With such a performance-inspired build, you have to wonder what the interior looks like. Well, like a race truck no less, starting with the Momo race buckets and steering wheel, and then continuing with the pro-street style roll bar. A console was built to house a few gauges, switches and the Lokar shifter. Instrumentation is in its stock location but modernized with the Dakota Digital HDX display. The audio is supplied by a RetroSound head unit and Kicker Audio component speakers and sub. A Vintage Air unit was installed to keep the two passengers at a comfortable temperature when speeding down the highway. Marquarts Custom Creations did a great job with this cockpit.
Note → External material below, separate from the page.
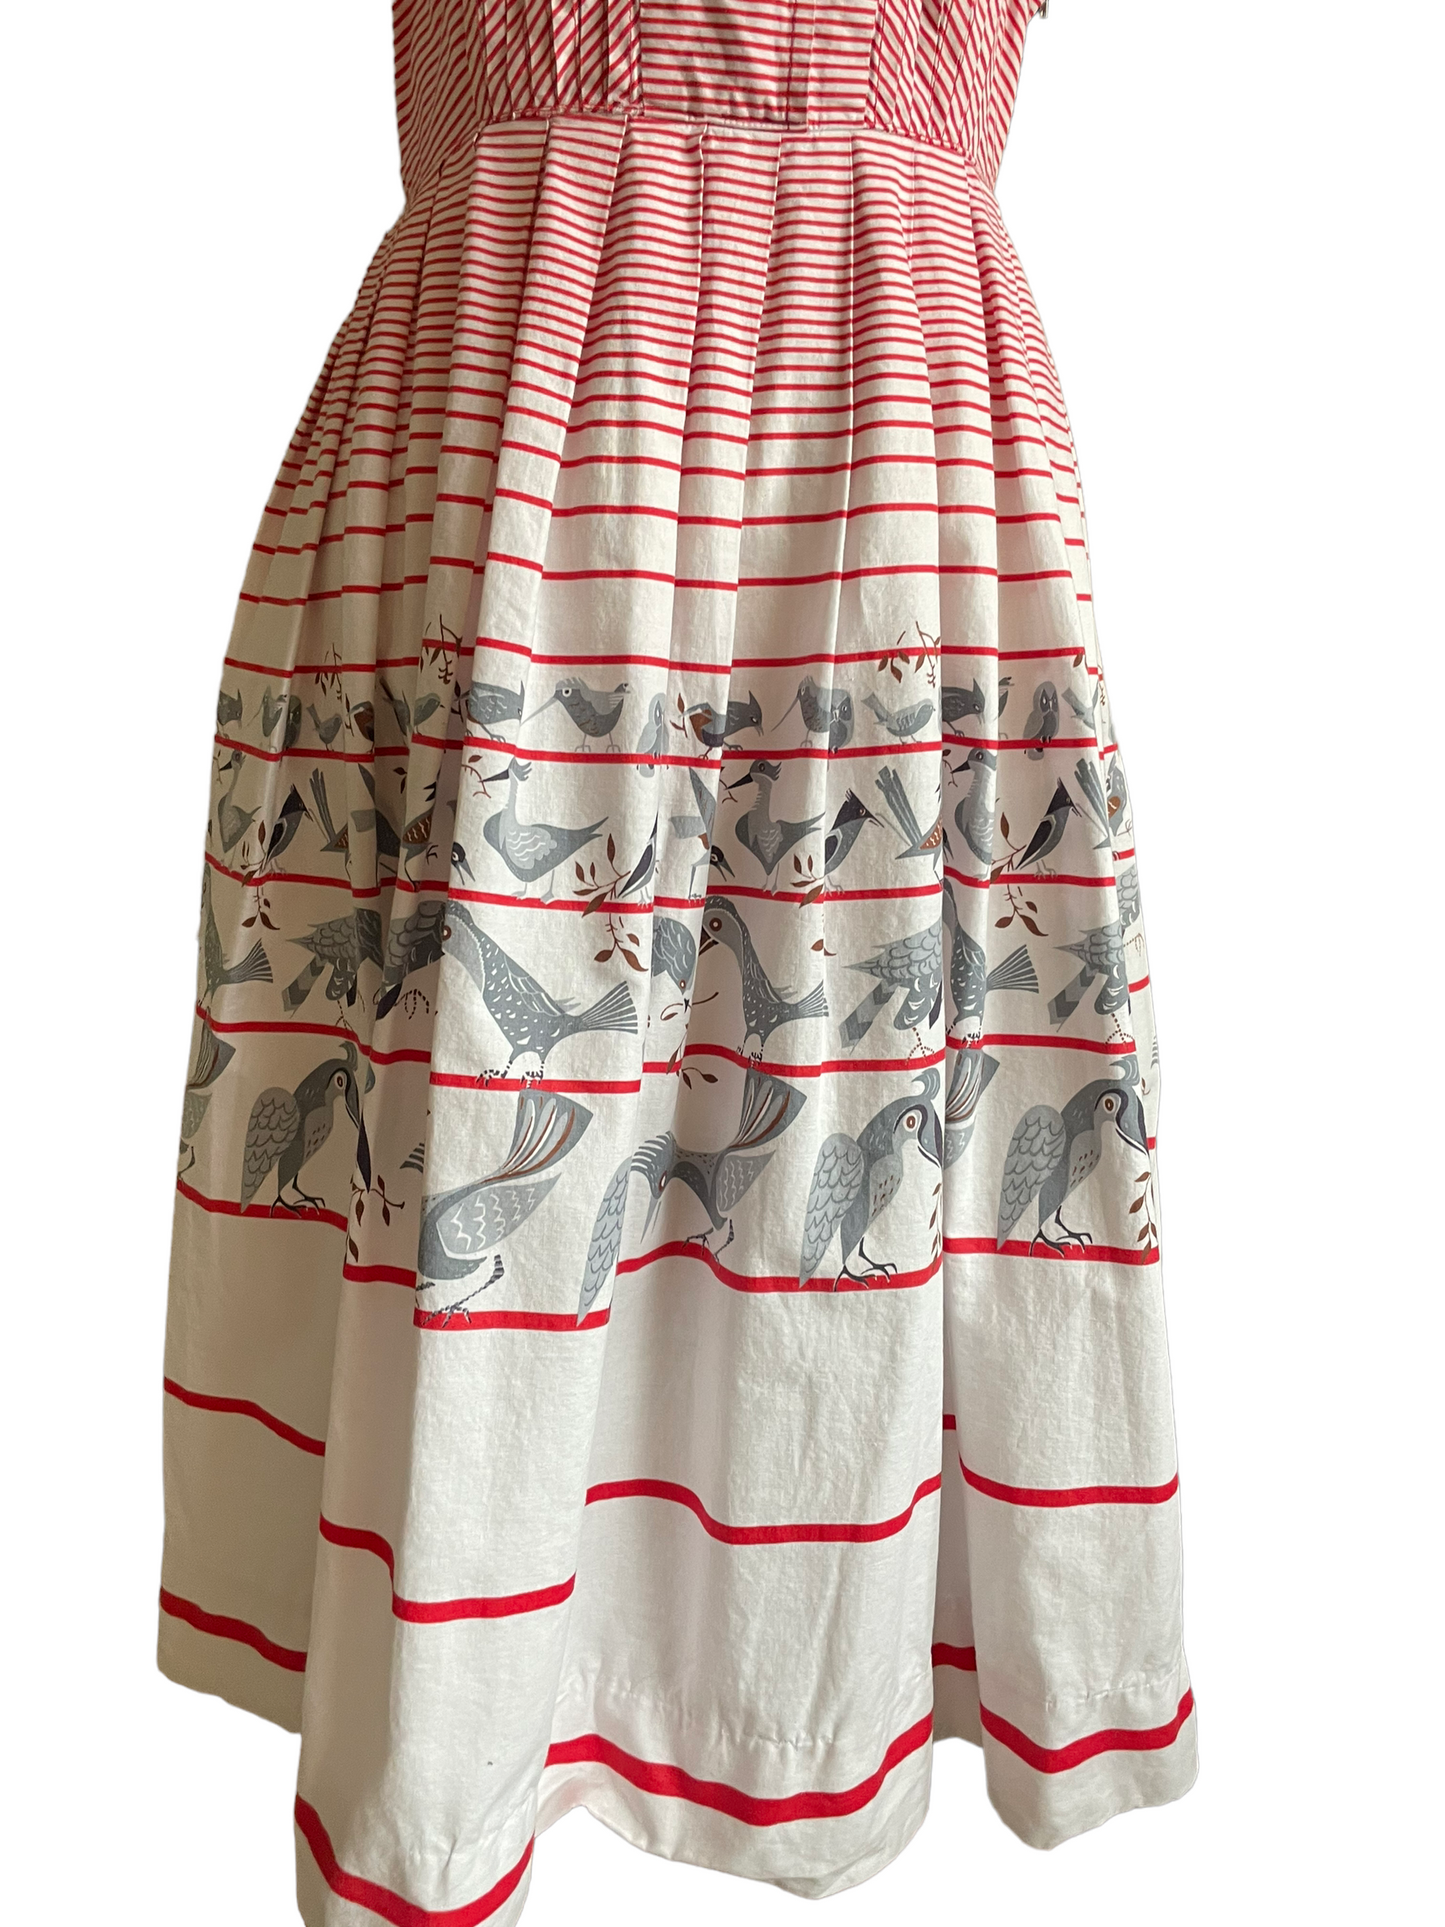 Vintage 1950s Novelty Bird Dress SZ S |  Barn Owl Vintage | Seattle Vintage Dresses Front view of skirt.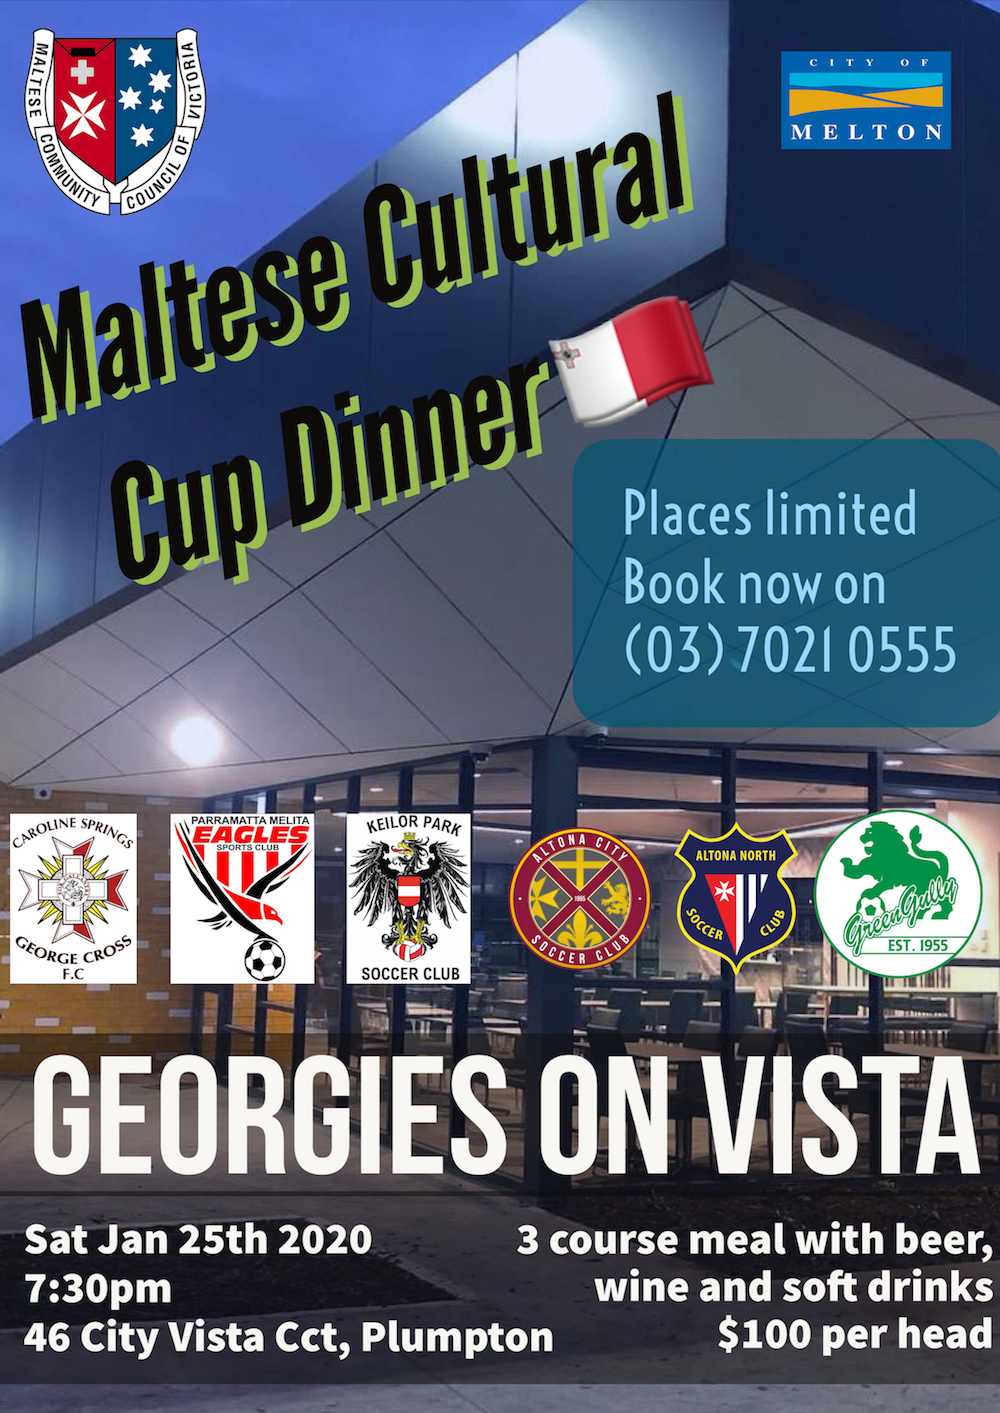 Maltese Cultural Cup Dinner

This F-100 was built in eight months’ time at Jack’s Speed Shop and poised to stand out from the sea of run-of-the-mill builds. He debuted the truck with Mittler Bros. at the 2019 SEMA Show and received high praise from most, even receiving a Ford Design Award for the truck. Ross states he learned a few things from this build, like determination and problem-solving skills. But he also discovered something else.
“We learned what we are made of,” he says.
Legacies aren’t something handed down or created with one venture, however. Ross just may have the right beginnings to making his grandpa’s name something we all remember.